The Sundorph House is a Neoclassical property at Ved Stranden 10 in the Old Town of Copenhagen, Denmark. The property has since the late 17th century been owned by members of the Sundorph family. The current building was constructed for tea merchant Mette Christine Sundorph after the previous building at the site had been destroyed in the Copenhagen Fire of 1795. It was listed in the Danish registry of protected buildings and places in 1918.

History

18th century

The site was in 1689 part of a larger property (then No. 211) owned by merchant (urtekræmmer) Thomas Torsmide's widow.

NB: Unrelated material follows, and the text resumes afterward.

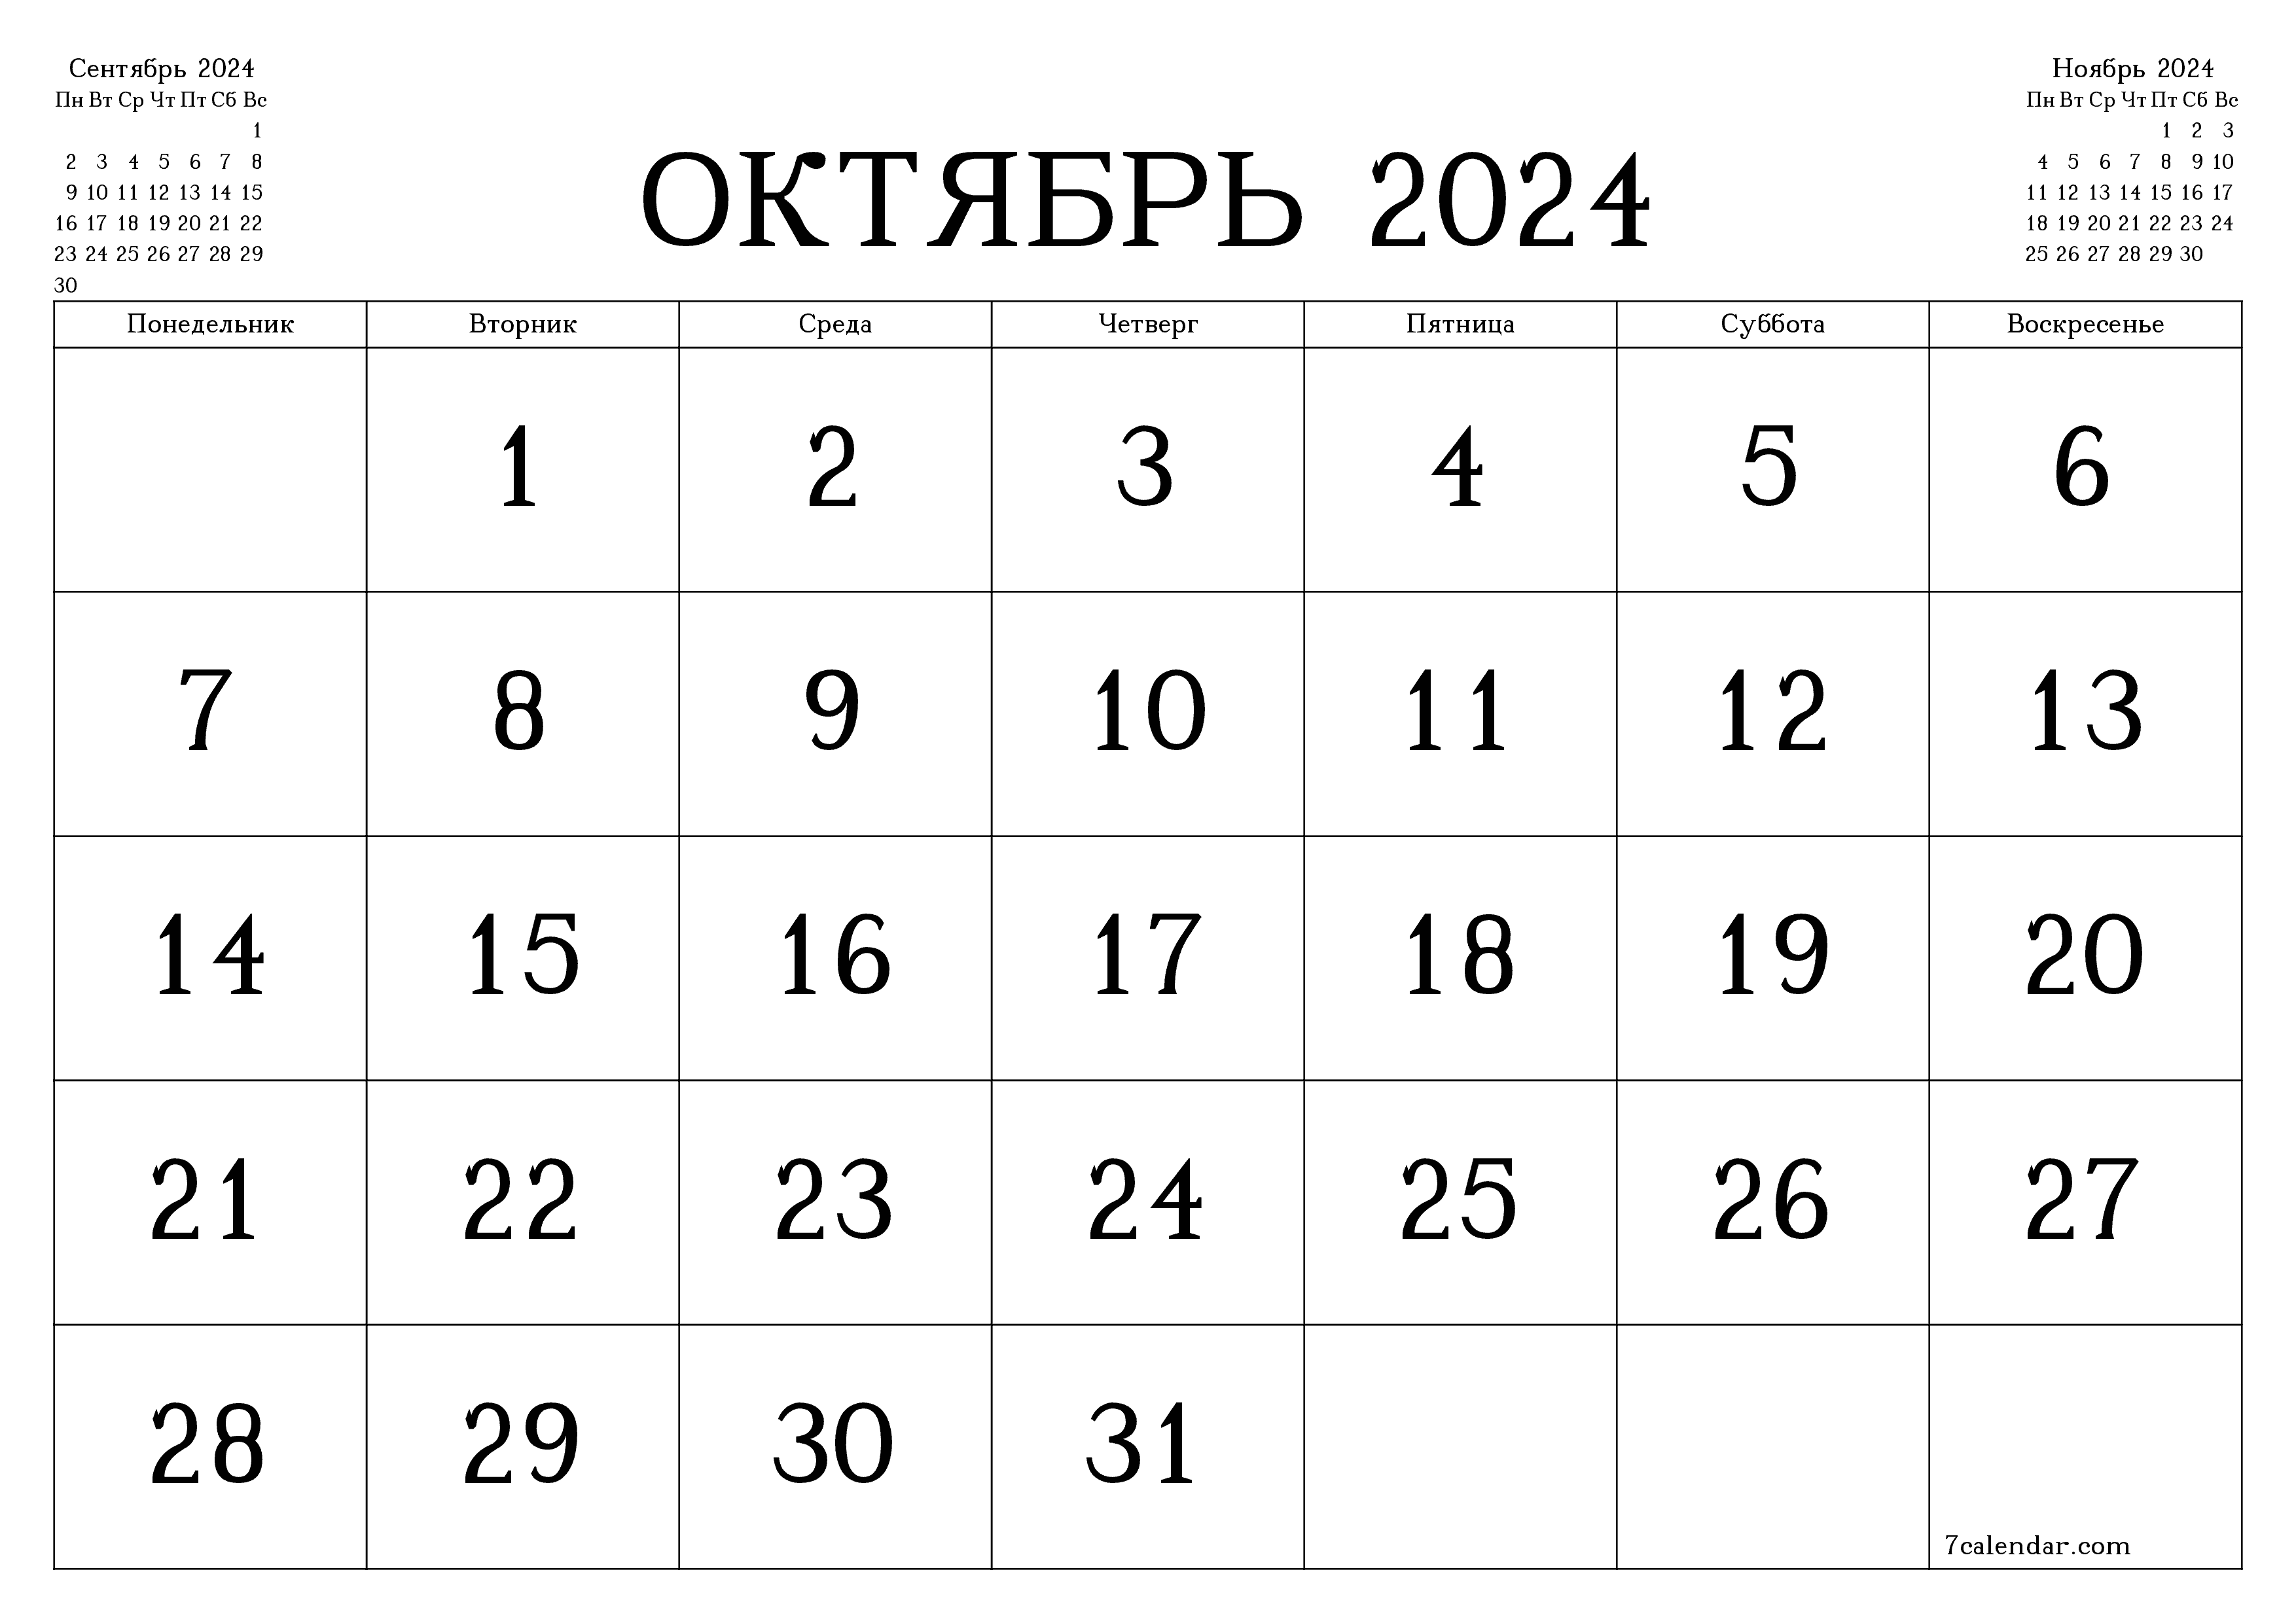 Календари и планеры для печати Октябрь 2024 A4, A3 в PDF и PNG - 7calendar

In 1756, it was as No. 247 owned by Kommerceråd Jacob Olsen's widow.

Hans Pay, who was born in Drammen in 1738,  established as a porcelain seller in Copenhagen  1768. He was licensed as a grocer (urtekræmmer) in 1771 and 1776 but died in 1777. His widow, Mette Christine née Collstrup (1752-1834) took the operations of the company over but it was ceded to her new husband Søren Christian Sundorph (1743-1794) when she married on 21 December 1778. His birth name was Søren Christensen but he had assumed the name Sundorph after his home town Nørre Sundby in the north of Jutland.

When he died in 1794, Mette Christine Sundorph once again took over the operations of the company whose name was changed to Mette Christine sal. Sundorphs Enke & Co. ("Metta Christine late Sundorph's Widow & Co.).

The Sundorph House was together with most of the other buildings in the area  destroyed in the Copenhagen Fire of 1795. The company was then run from a wooden shed on Slotsholmen until the house at Ved Stranden had been rebuilt to a new design in 1797.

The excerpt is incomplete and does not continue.